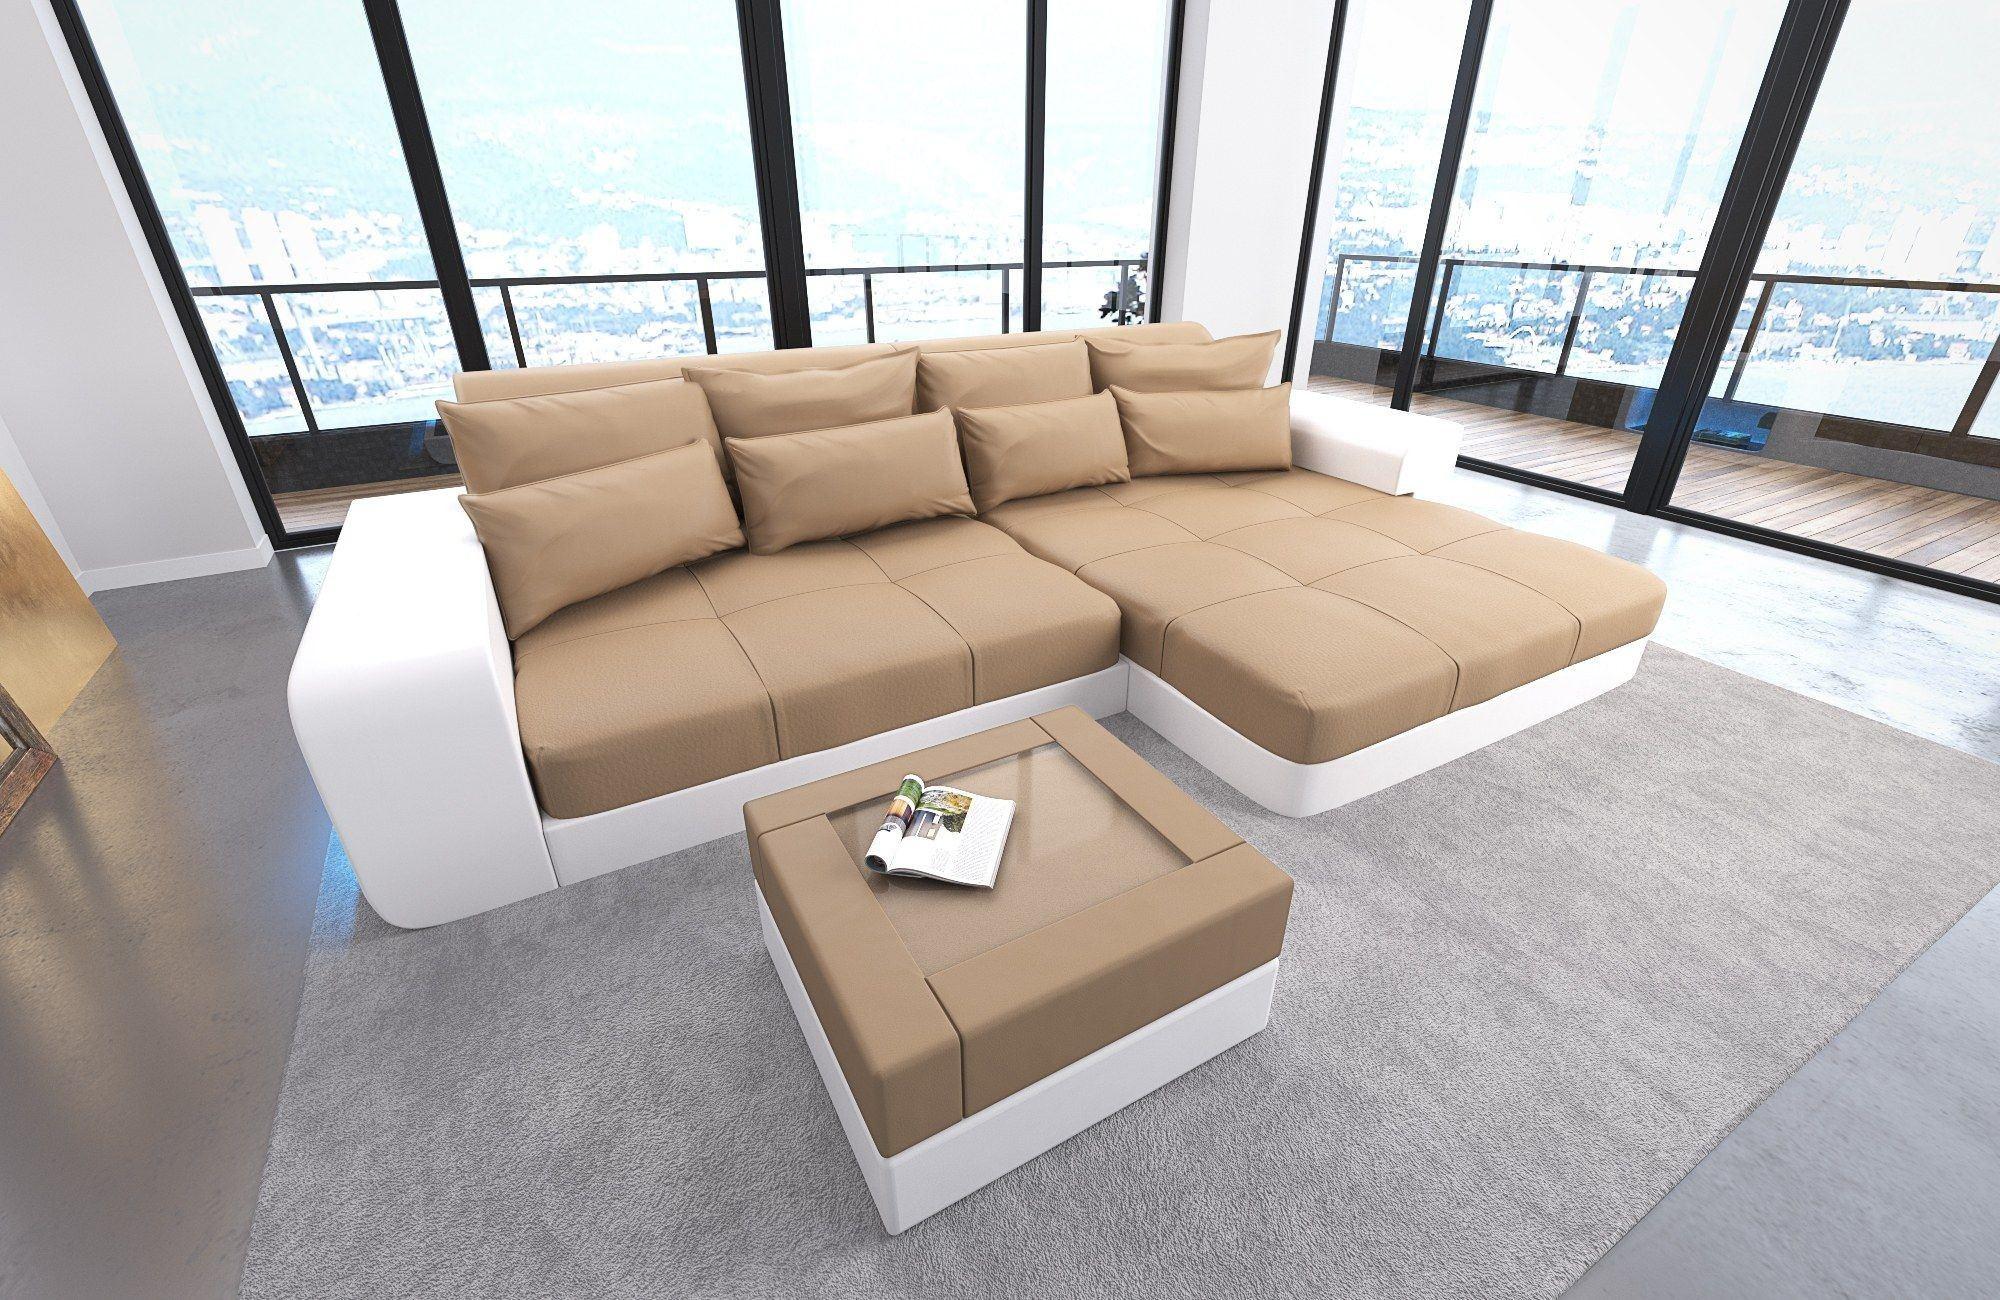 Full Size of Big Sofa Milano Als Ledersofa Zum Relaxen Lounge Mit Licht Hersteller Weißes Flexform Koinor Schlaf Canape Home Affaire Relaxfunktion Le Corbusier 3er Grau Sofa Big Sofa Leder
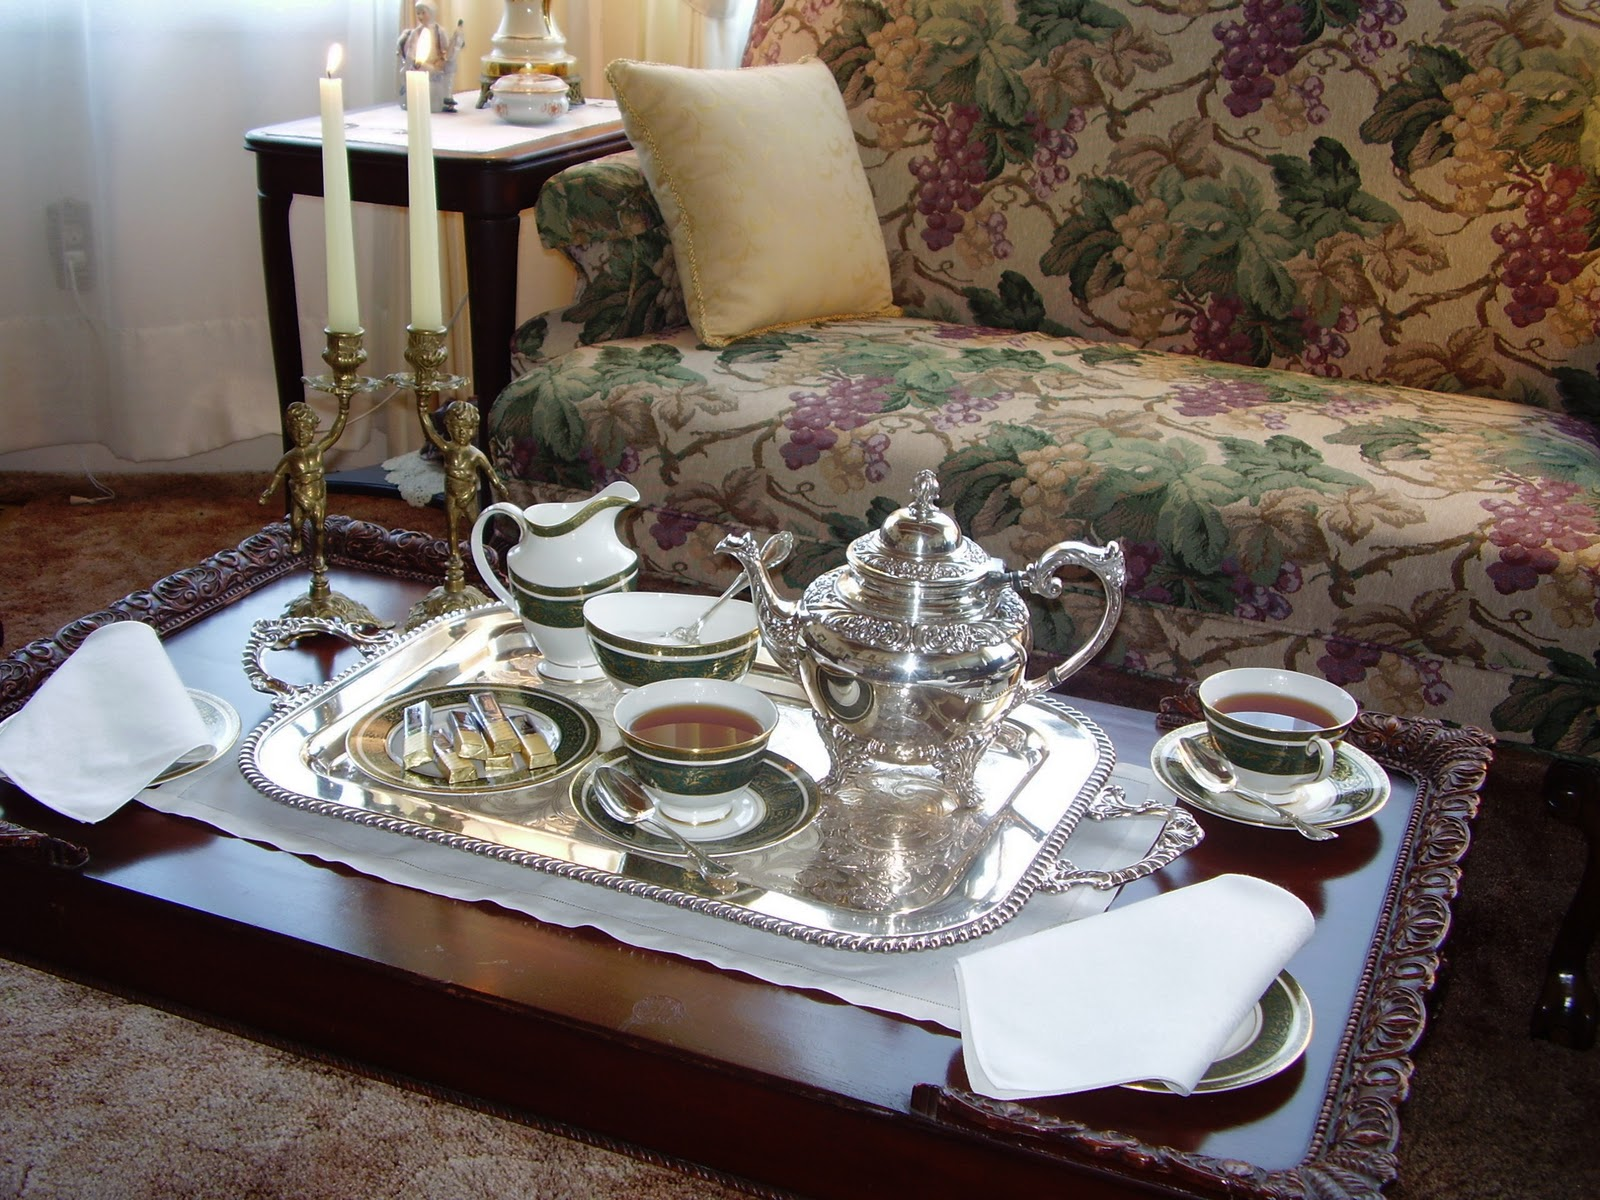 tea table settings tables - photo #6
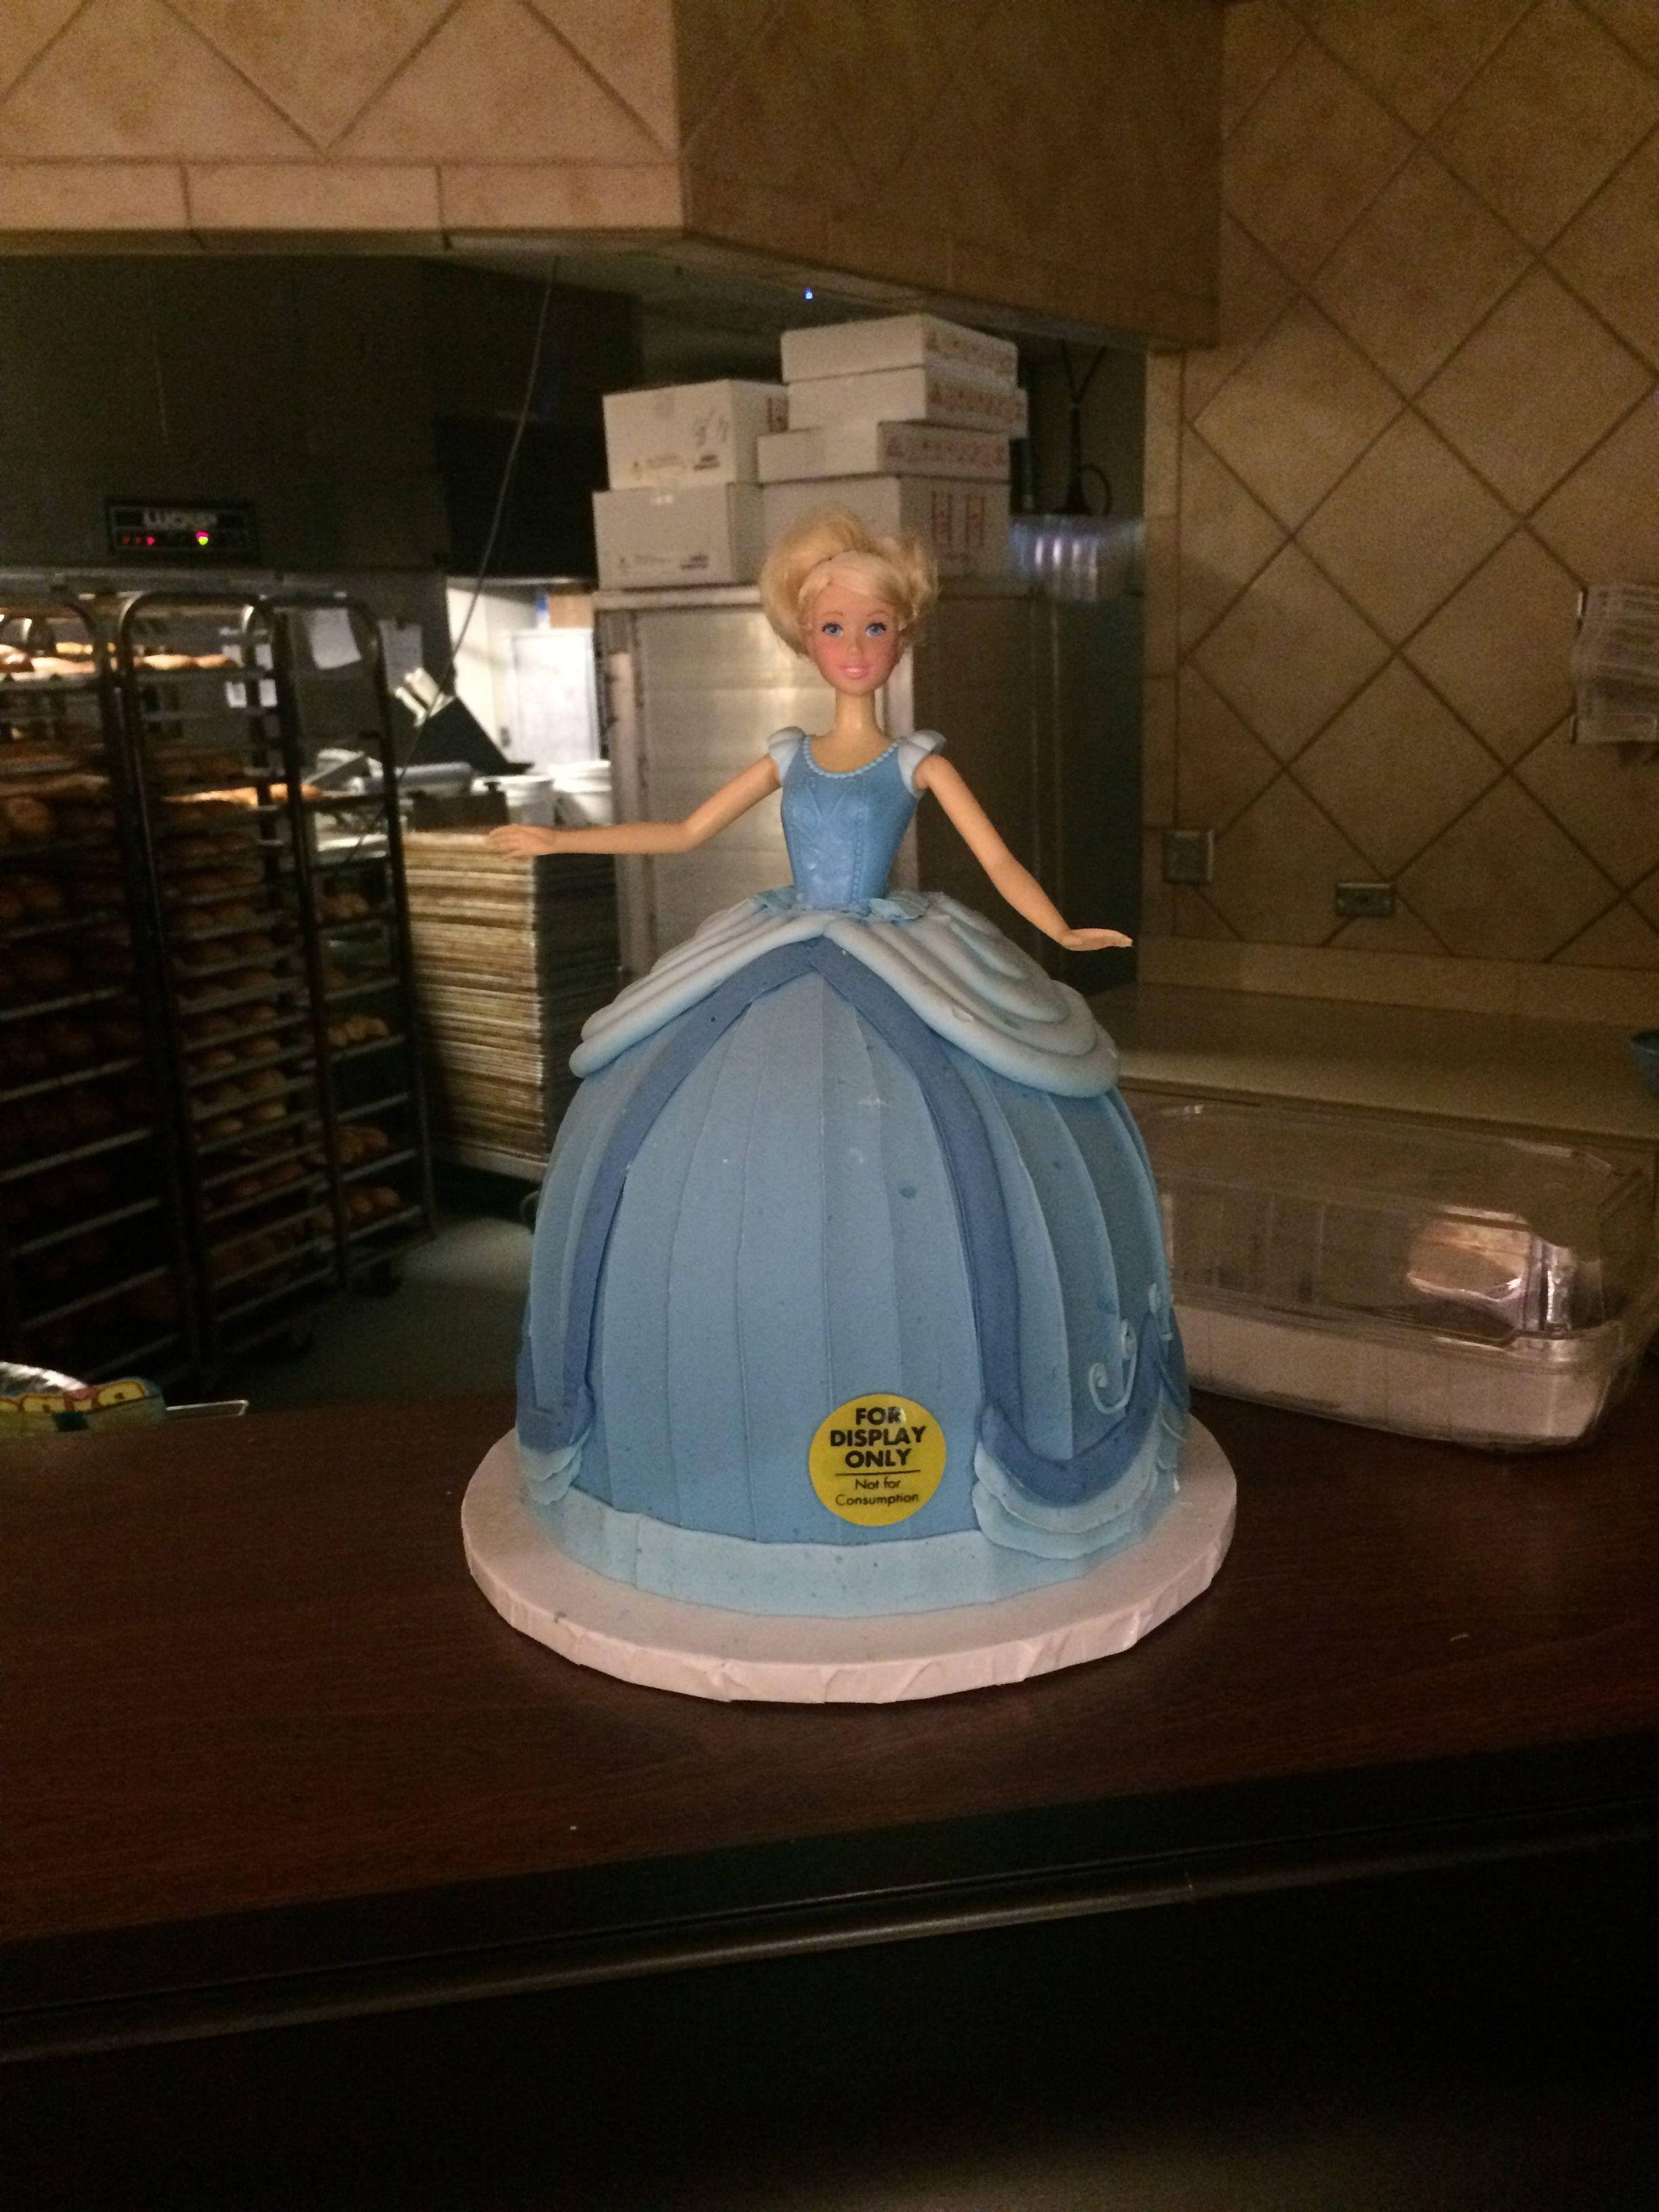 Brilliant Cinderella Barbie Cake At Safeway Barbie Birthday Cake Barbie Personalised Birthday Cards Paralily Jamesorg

#####

Exercise description
From the line containing "tea table settings tables - photo #6" down to the final line of the material above, reproduce each line exactly and include no images.

Answer for this exercise
 tea table settings tables - photo #6
 Brilliant Cinderella Barbie Cake At Safeway Barbie Birthday Cake Barbie Personalised Birthday Cards Paralily Jamesorg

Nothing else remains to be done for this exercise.